[Exercise] Exclude the pictures and transcribe the rest of the data below exactly.

[Data below]
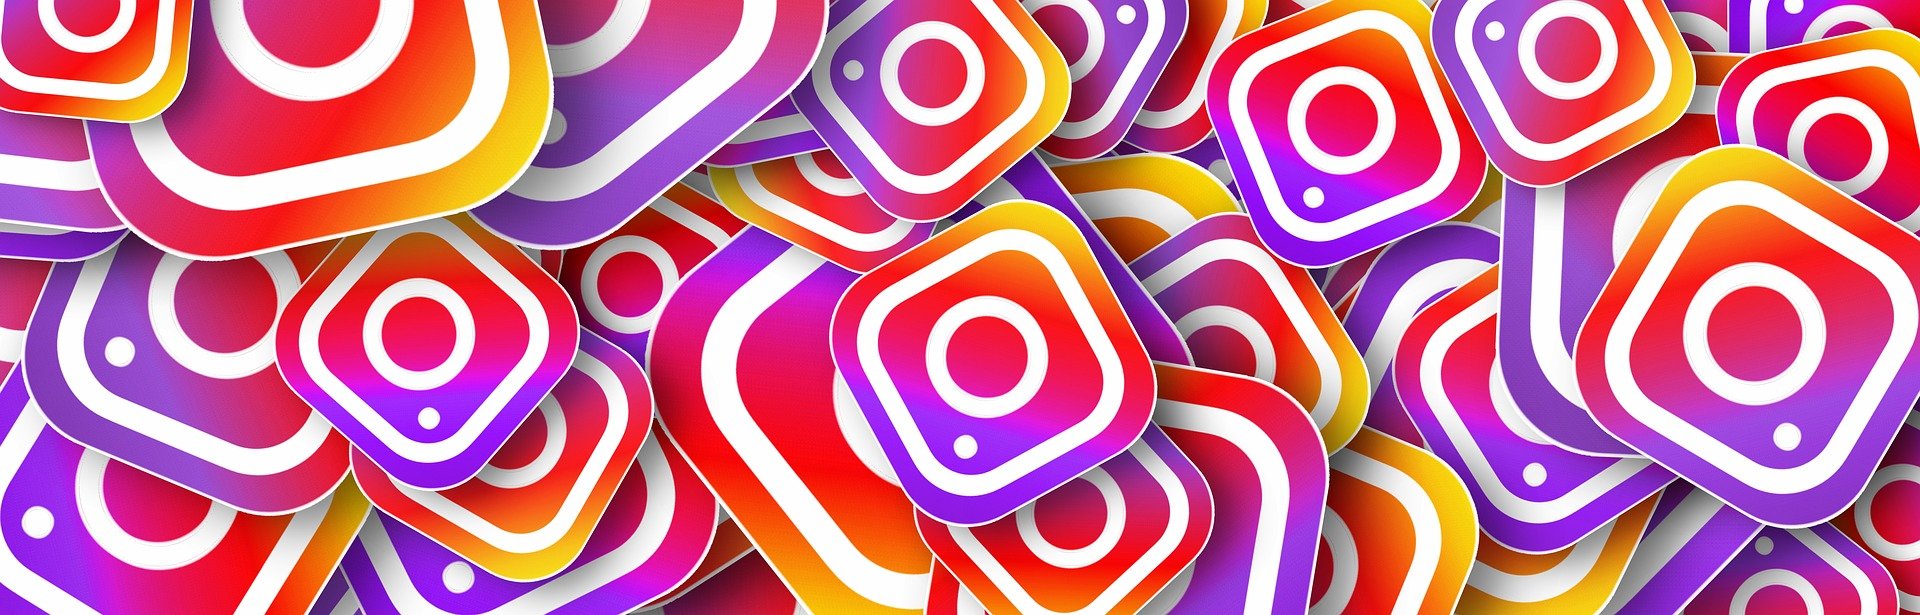 Nutze Instagram effektiv für deinen Sprotverein!
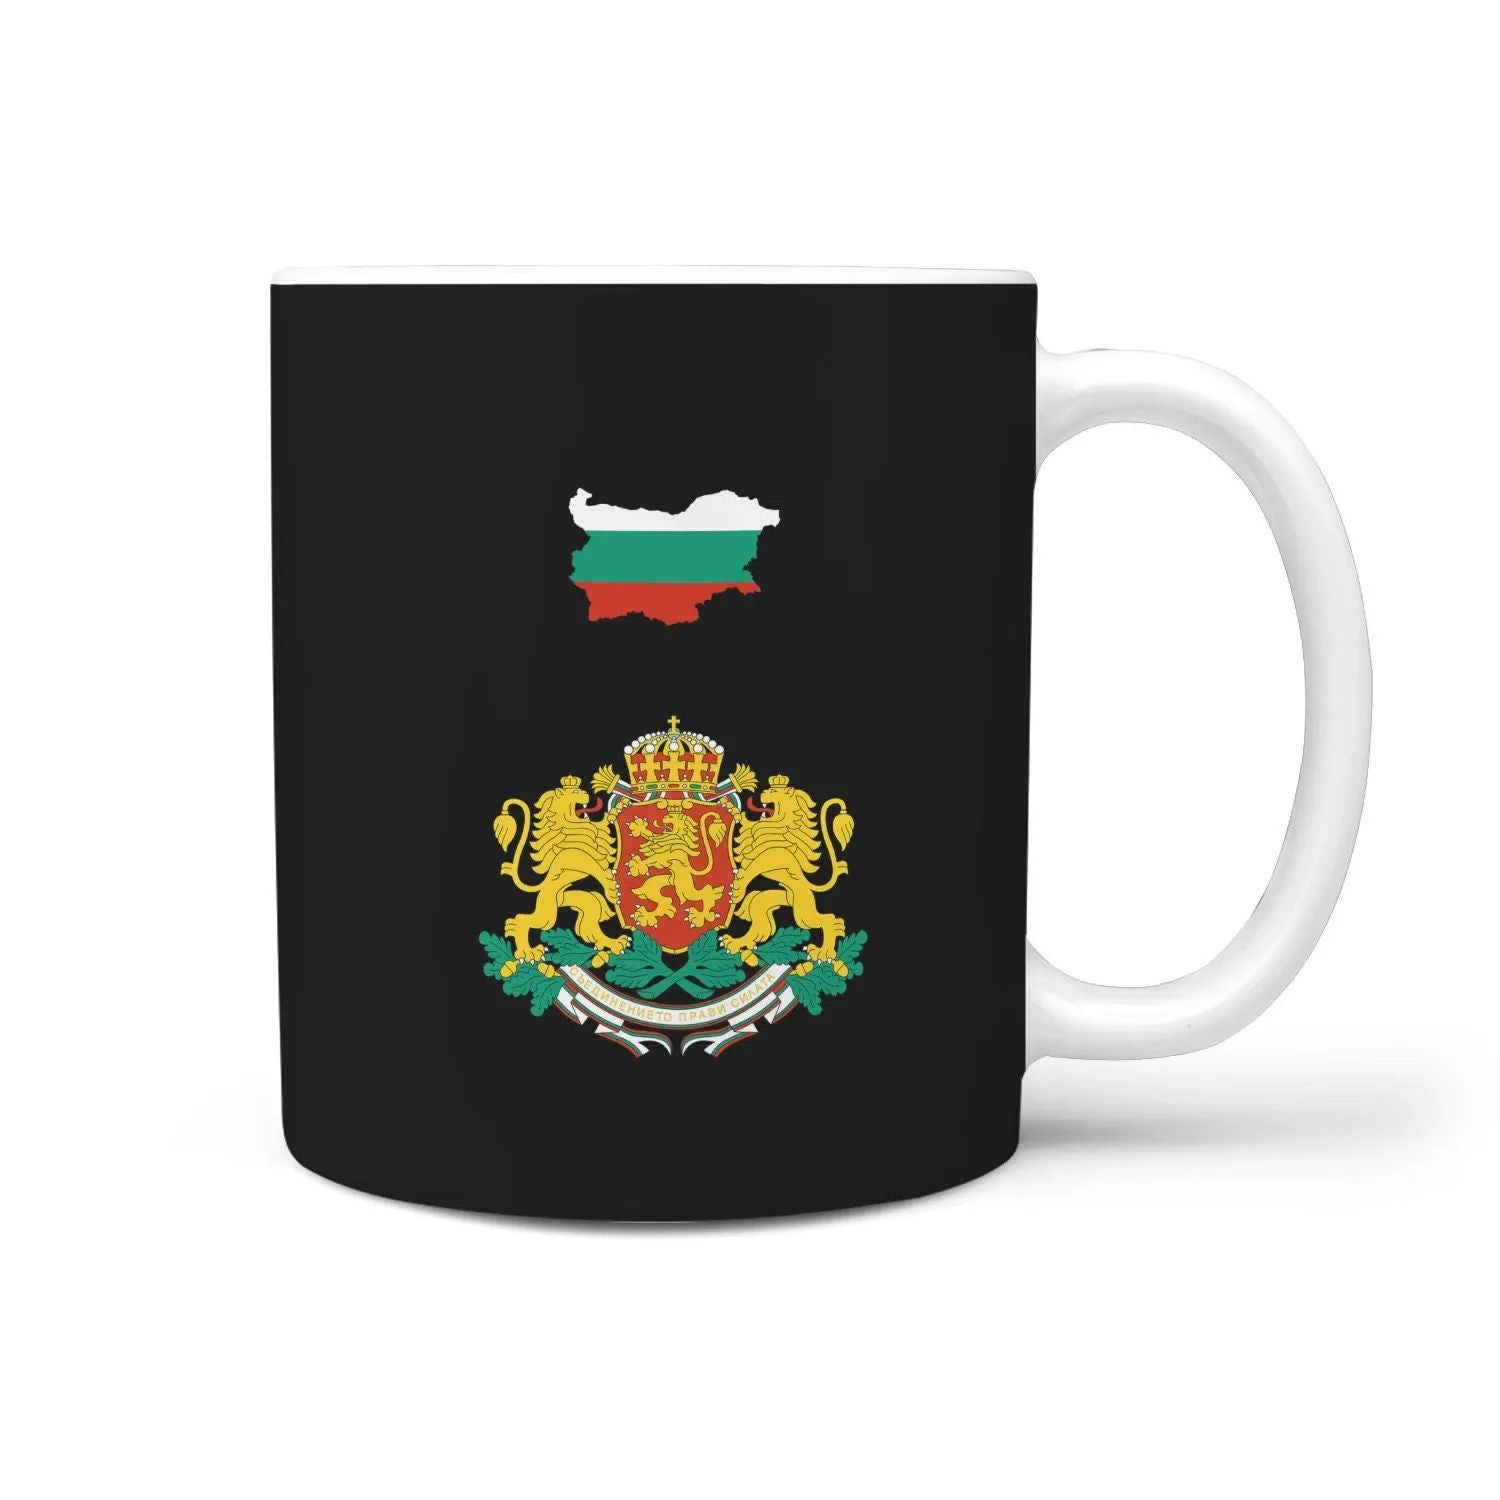 bulgaria-mug-coat-of-arm-map
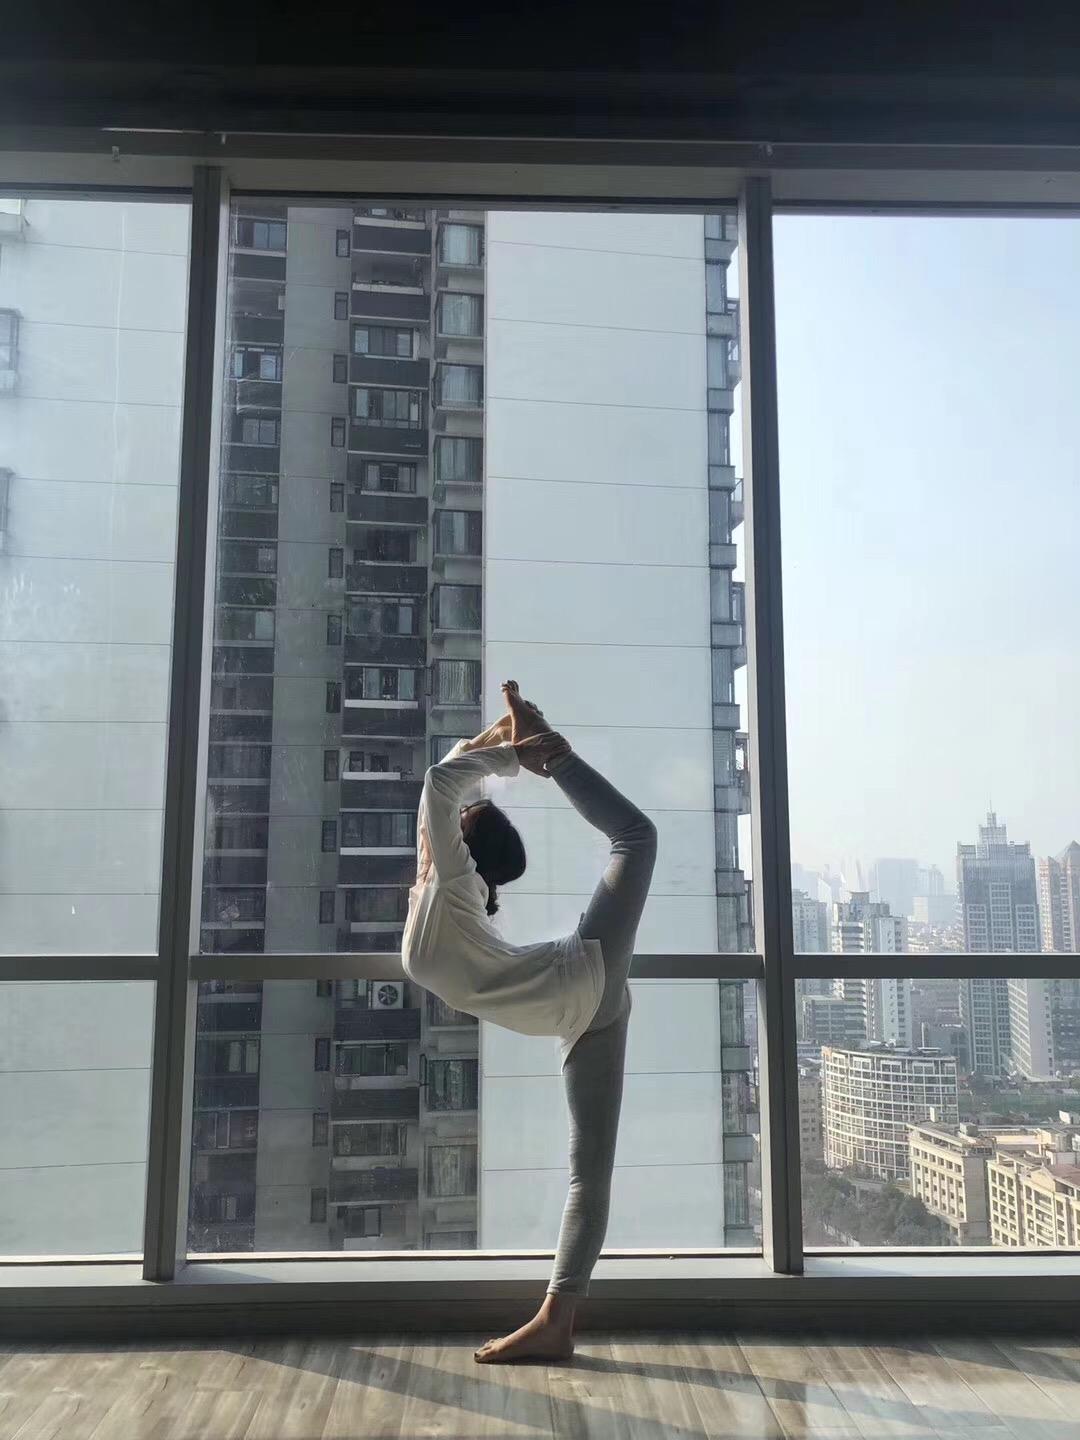 北京钢管舞学校 聚星
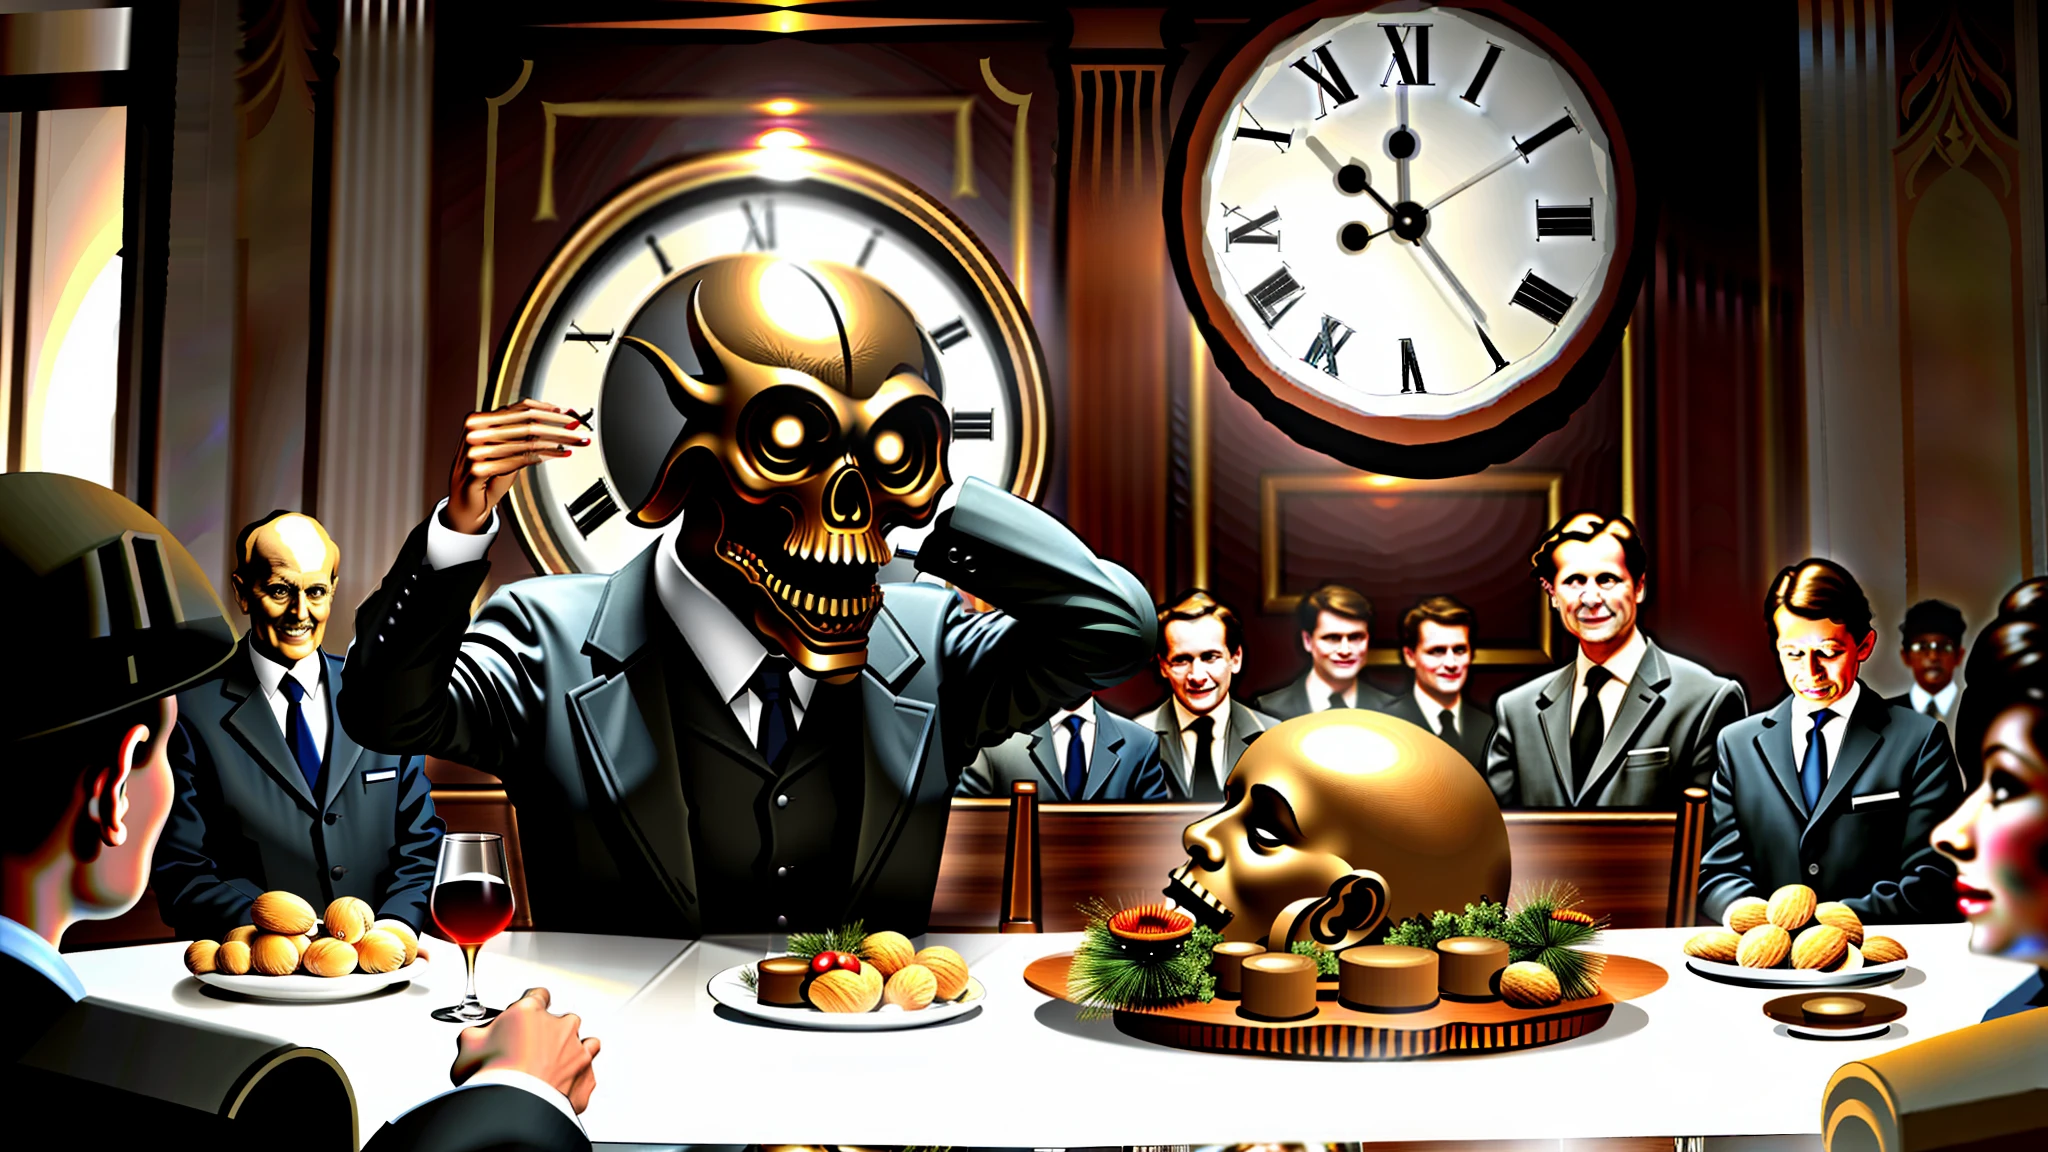 برجوازي, أكل الناس على الطاولة, الأغنياء يأكلون أجساد البشر, في الخلفية ساعة عملاقة

[Output of the task]
 Nutze Instagram effektiv für deinen Sprotverein!
 bulgaria-mug-coat-of-arm-map
 北京钢管舞学校 聚星
 برجوازي, أكل الناس على الطاولة, الأغنياء يأكلون أجساد البشر, في الخلفية ساعة عملاقة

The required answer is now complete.